The Rise of Canal Tours in Hawaii
Destination & Tourism Will McGough July 10, 2018

At the end of 2016, Hawaii’s last sugar cane plantation closed on Maui, marking the end of an era.
The closing had far-reaching impacts across Hawaii, evoking all kinds of emotions from people whose lives it shaped. I read reflections about its rise and fall, recounting landmarks like the 1875 treaty that gave Hawaii duty-free access to the U.S. market in exchange for Pearl Harbor, or sugar cane's role in ancient Hawaii, before its commercialization. Most people forget that it was one of the original canoe plants brought here by the Polynesians some two thousand years ago.

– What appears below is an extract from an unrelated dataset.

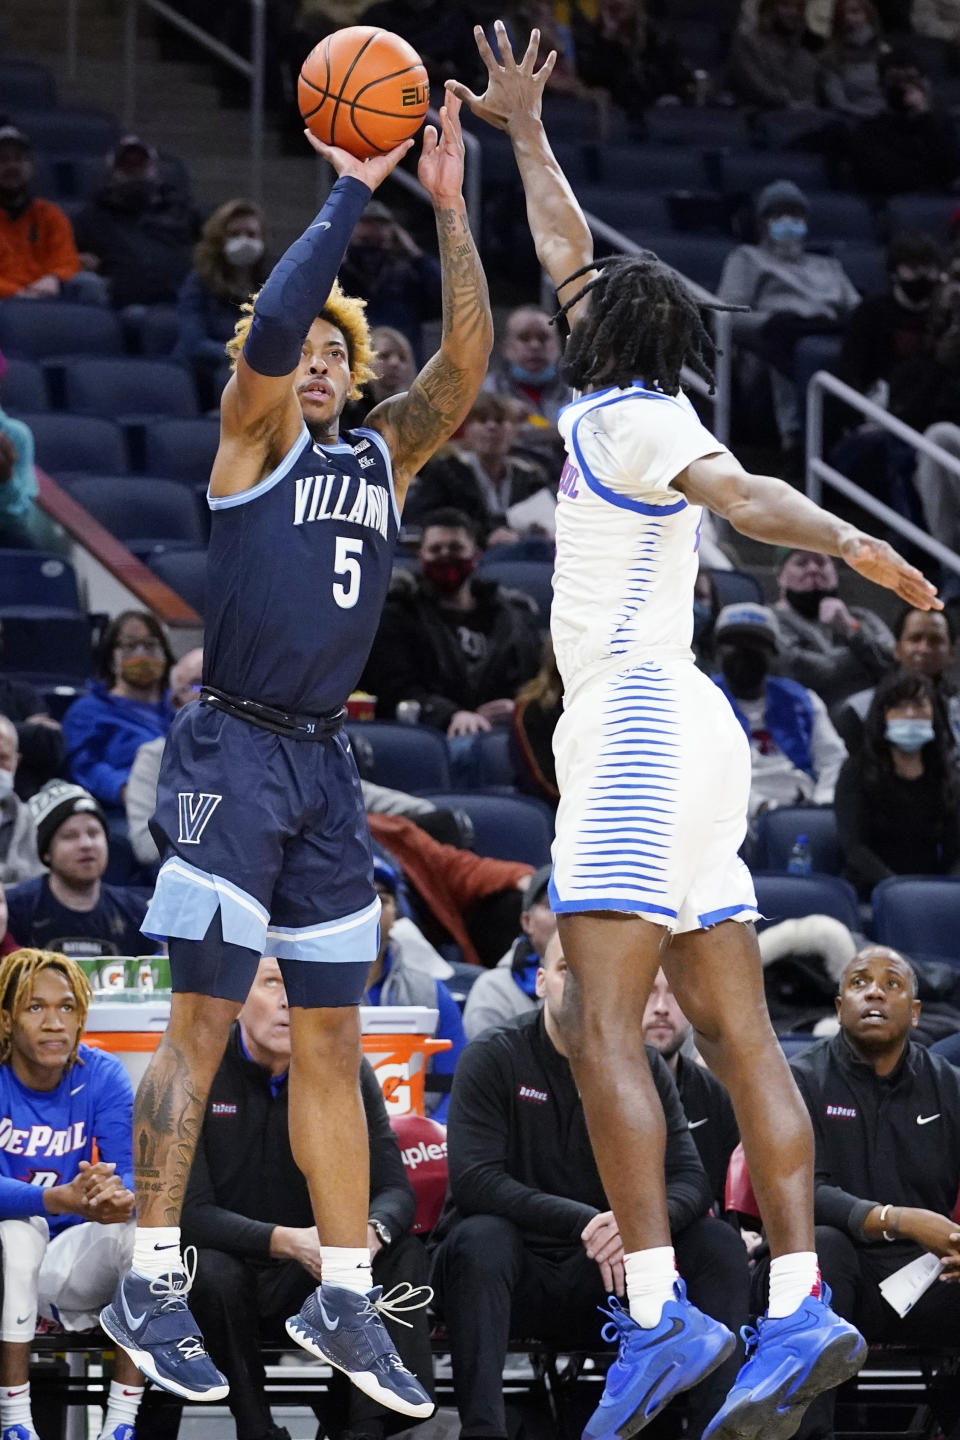 Villanova guard Justin Moore, left, shoots against DePaul guard Javon Freeman-Liberty during the first half of an NCAA college basketball game in Chicago, Saturday, Jan. 8, 2022. (AP Photo/Nam Y. Huh)

Though one era of sugar cane has ended, rest assured a new era has started off in earnest. Other uses for the cane itself have sprung up. Manulele Distillers, for example, turns native strains of sugar cane into single-varietal rum, made without the use of molasses. The old sugar cane railway on Oahu’s west side has become a historic, scenic railroad tour.
Perhaps the most creative uses of the old sugar cane infrastructure can be found on Kauai and the Big Island.
The industry might be gone, but it left behind a myriad of tunnels and irrigation canals, built over the last century and a half to bring water from the high mountains to the fields along the coast (sugar cane is a very thirsty crop that requires a lot of water). When sugar cane companies closed down in Hawaii, they abandoned these canal systems. Here in the last few years, adventure companies have begun floating the old irrigation ditches, offering guests guided kayak or tube tours that provide both adventure and education.
Flumin’ Kohala on the north shore of the Big Island takes visitors on a four-man kayak through the extensive, 14.5-mile irrigation network of the Kohala Ditch that was built by Japanese workers more than 110 years ago. The Ditch features 45 tunnels and 20 flumes in total, and the tour takes you through a portion of them over the course of the two-hour adventure into the remote backcountry of the Kohala volcano.
Kauai Backcountry Adventures’ Tubing Tour on Kauai is a similar story, although instead of kayaks, visitors use tubes to explore the tunnels of the Lihue Plantation, built back in 1870. The waters on which you ride come from the top of Mount Waialeale, one of the wettest spots in the world.
Because of the combination of historical significance and modern-day exploration, these canal tours have caught steam in recent years, revived by the publicity and examination that the end of the sugar cane era brought.